- _EXERCISE INSTRUCTIONS_
The whole listing needs retyping exactly; keep the pictures out of it.

- _WORKING DATA_
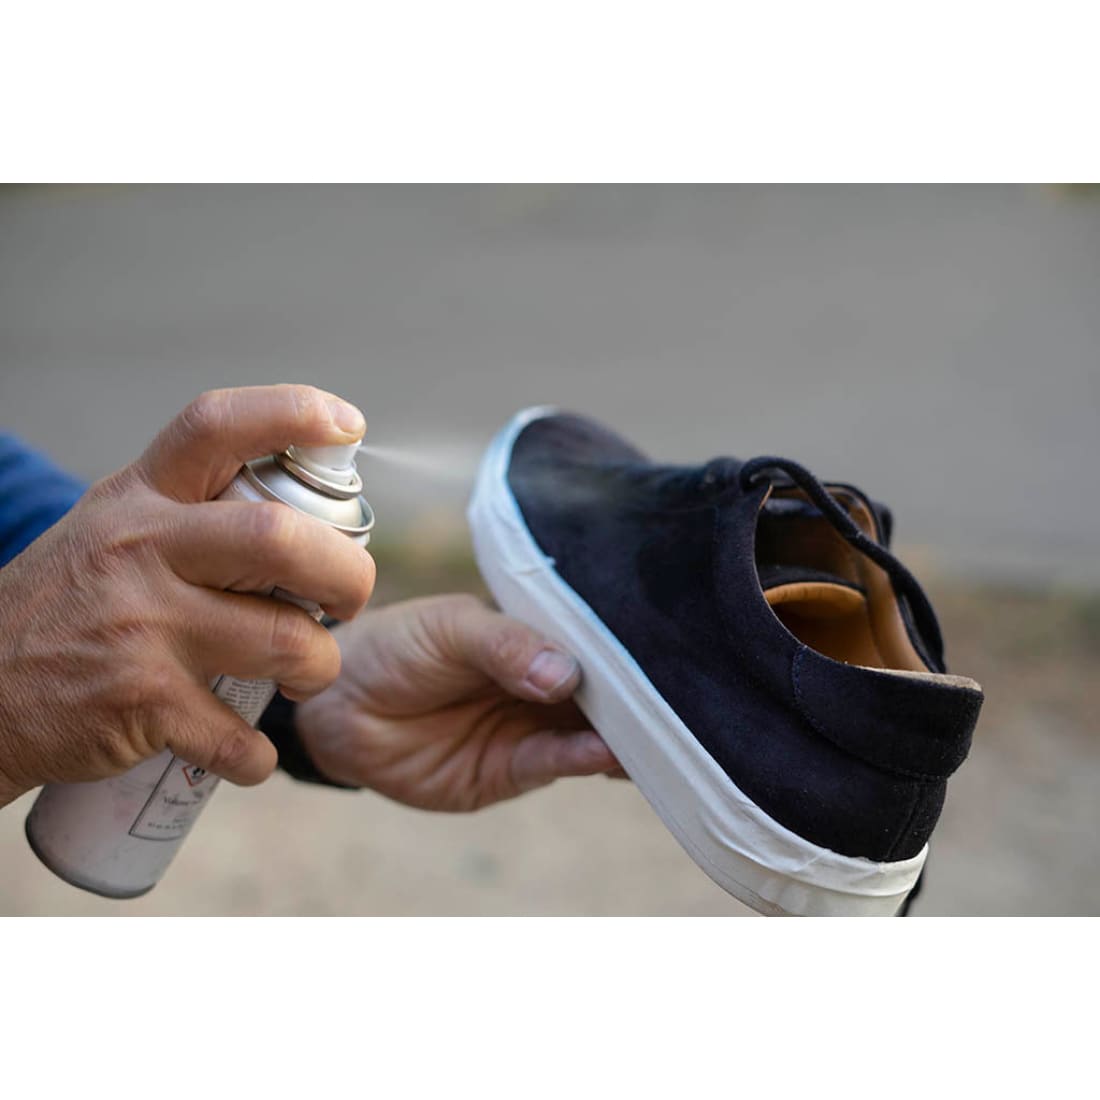 Spray imperméabilisant pour chaussures 150 ml - Spray d
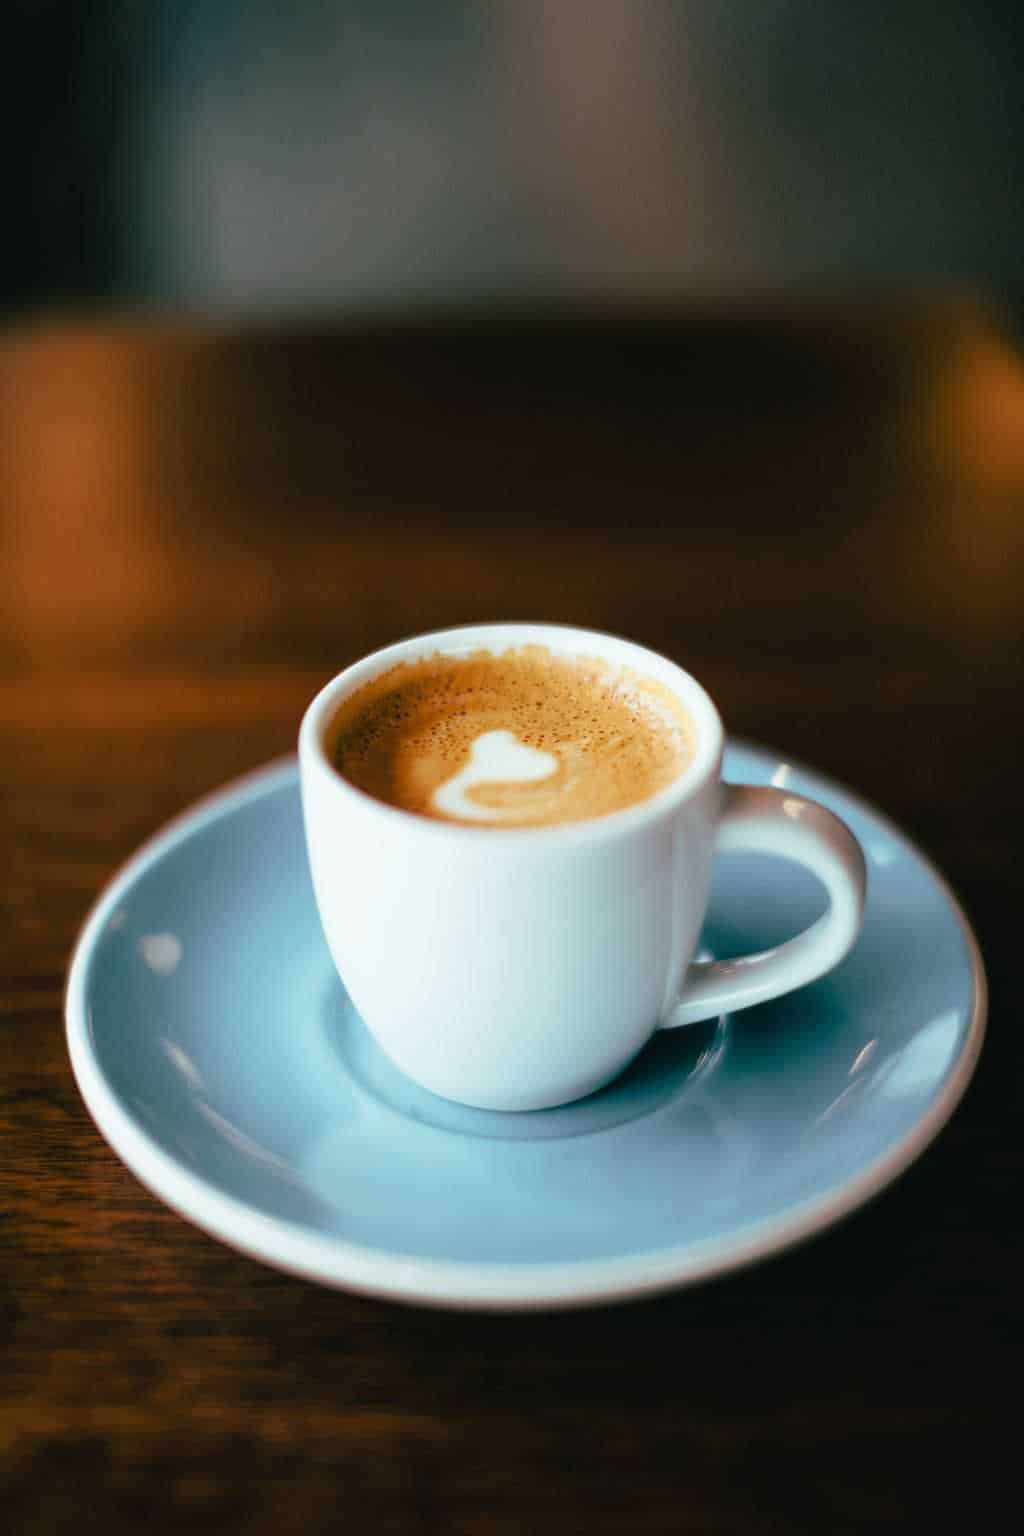 Macchiato with white milk heart latte art in small espresso cup on saucer
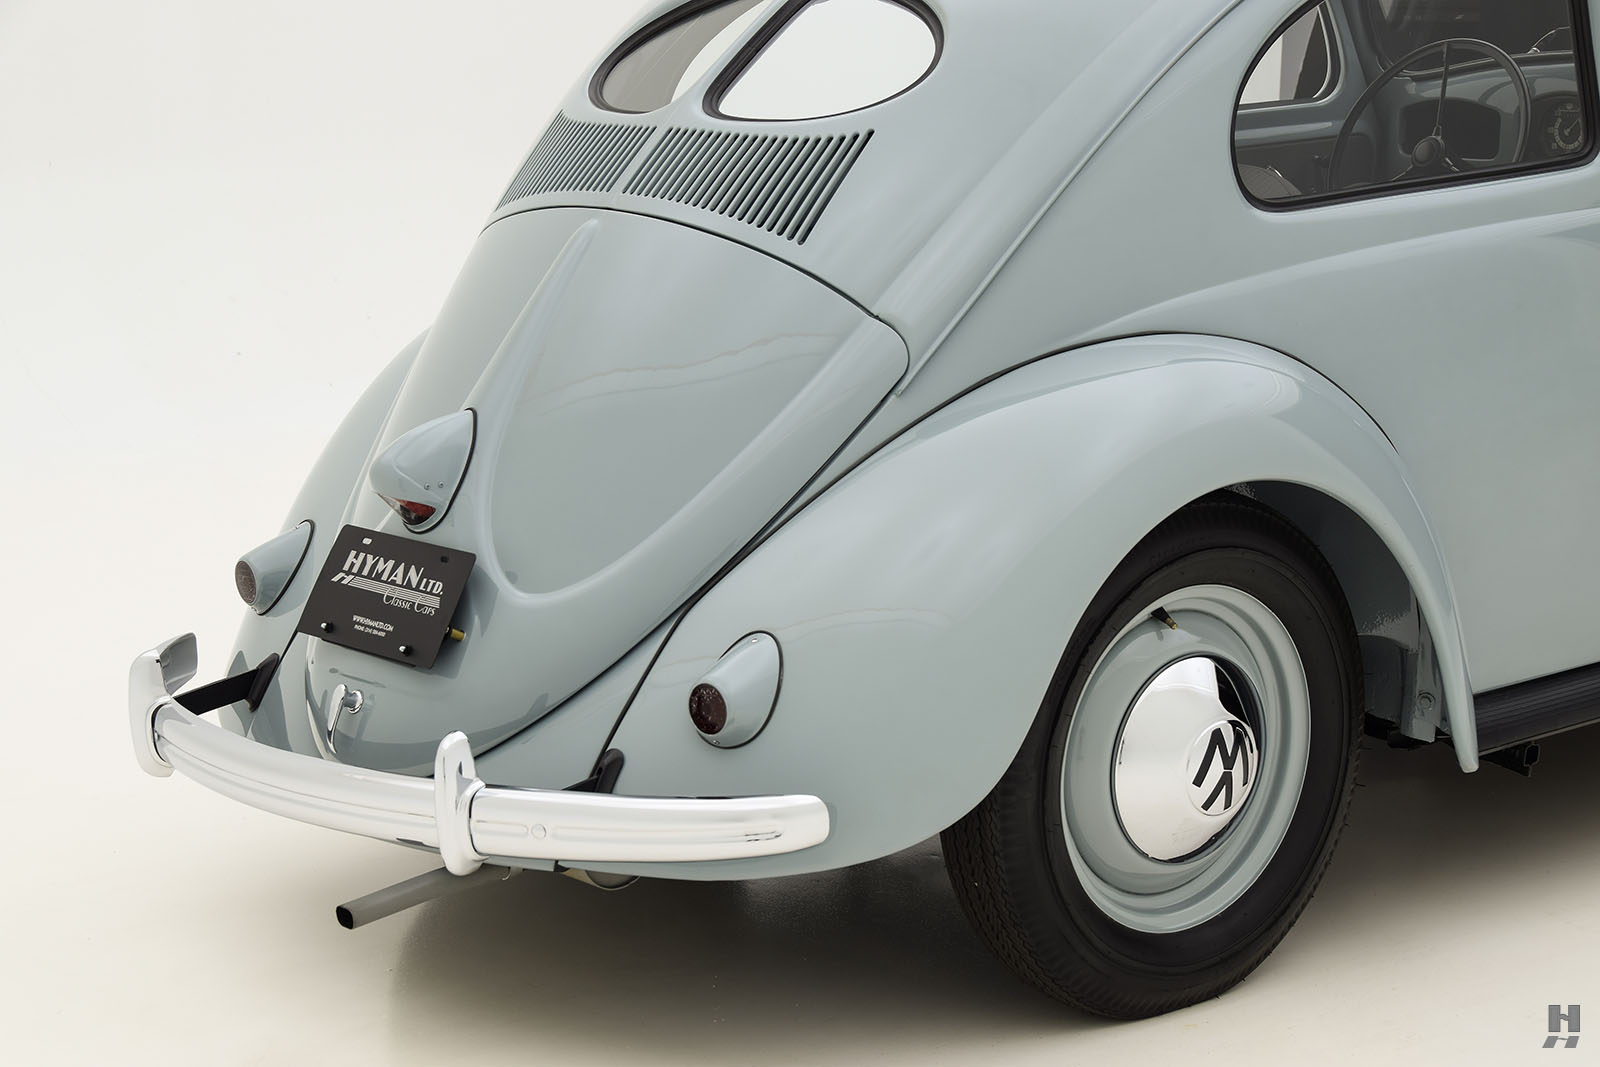 1950 volkswagen beetle
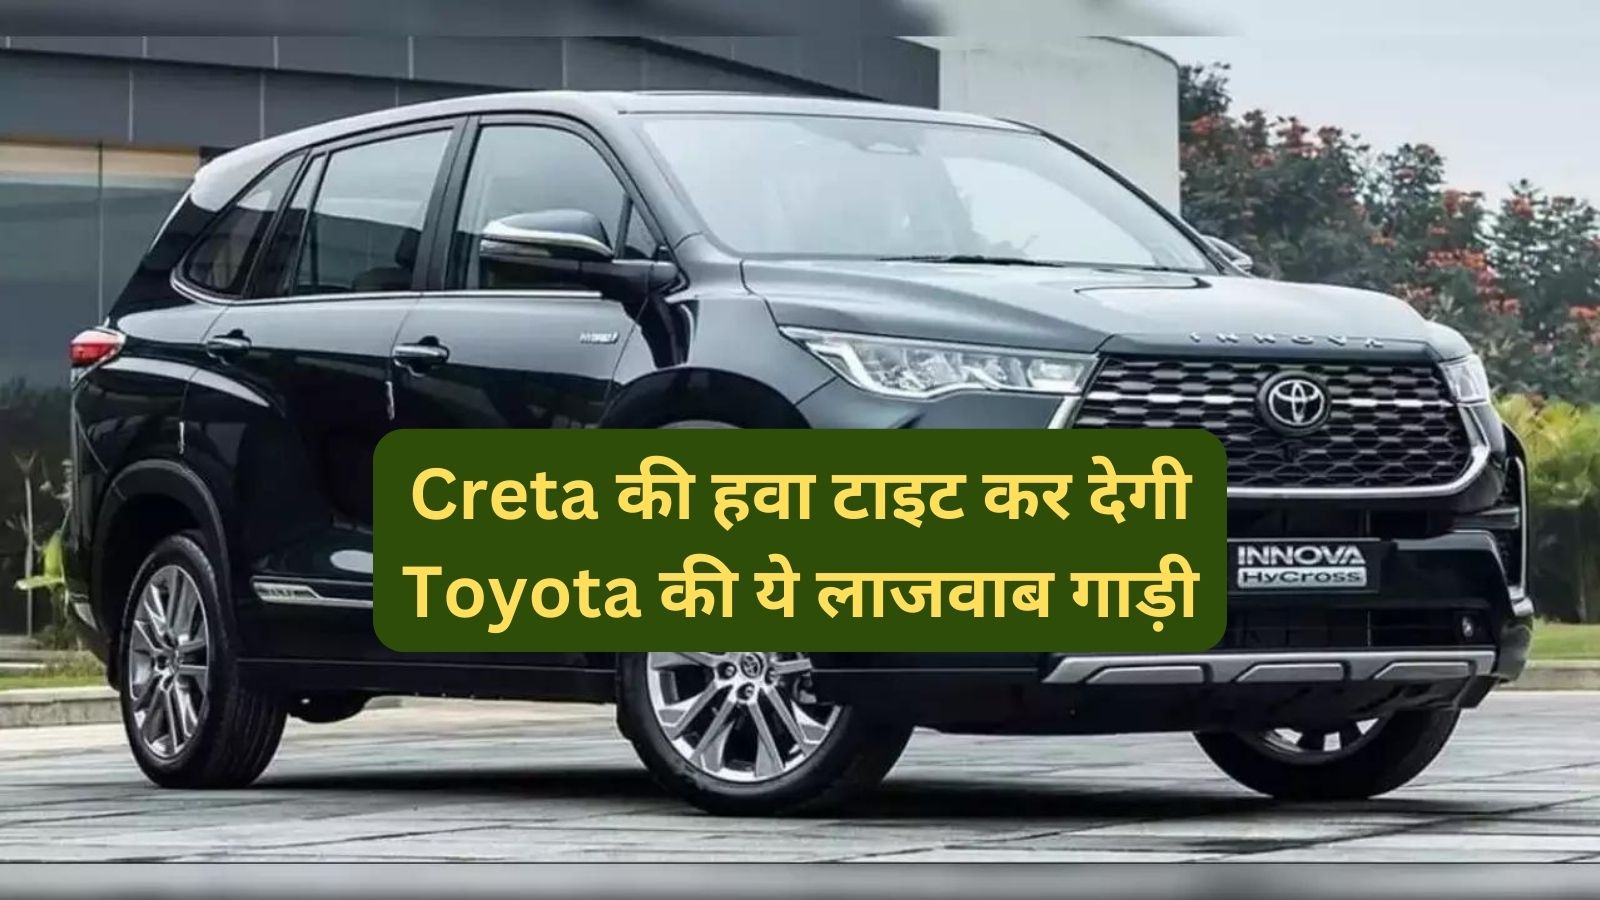 Toyota Innova Hycross:Creta की हवा टाइट कर देगी Toyota की ये लाजवाब गाड़ी,जानिए इसके फीचर्स और माइलेज के बारे मे
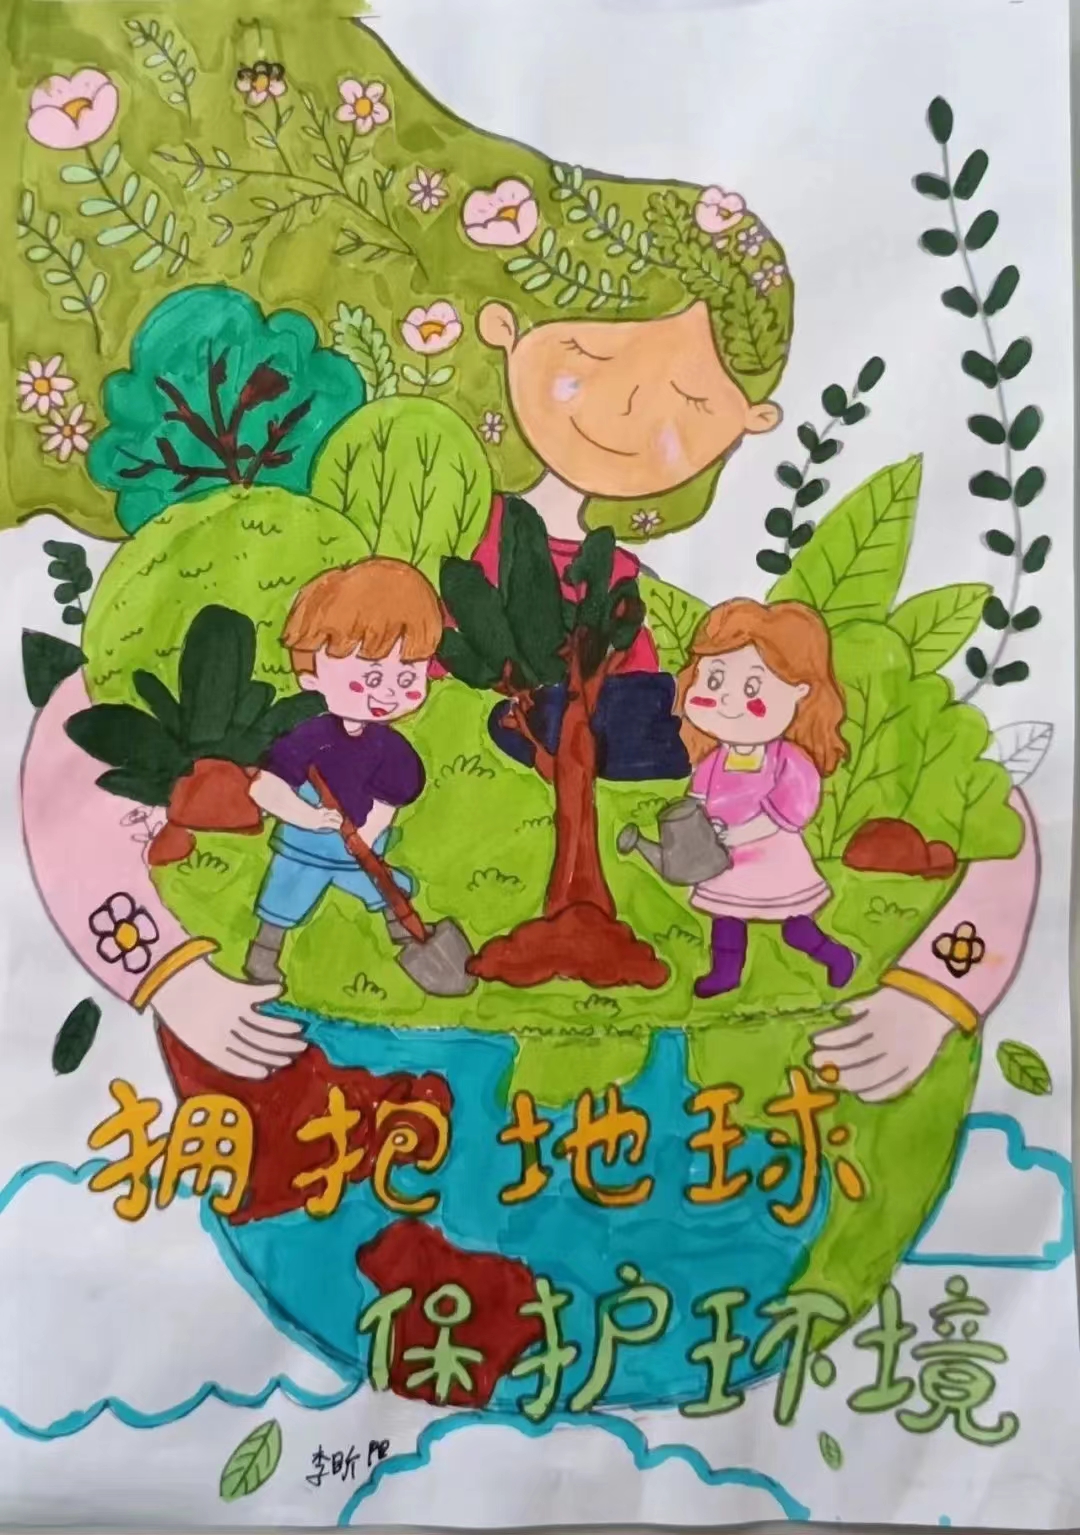 还通过让孩子们在课堂上亲手制作动植物剪贴画,讨论中国生态环境现状

- _RESPONSE FOR THIS EXERCISE_
 Spray imperméabilisant pour chaussures 150 ml - Spray d
 Macchiato with white milk heart latte art in small espresso cup on saucer
 1950 volkswagen beetle
 Toyota Innova Hycross:Creta की हवा टाइट कर देगी Toyota की ये लाजवाब गाड़ी,जानिए इसके फीचर्स और माइलेज के बारे मे
 还通过让孩子们在课堂上亲手制作动植物剪贴画,讨论中国生态环境现状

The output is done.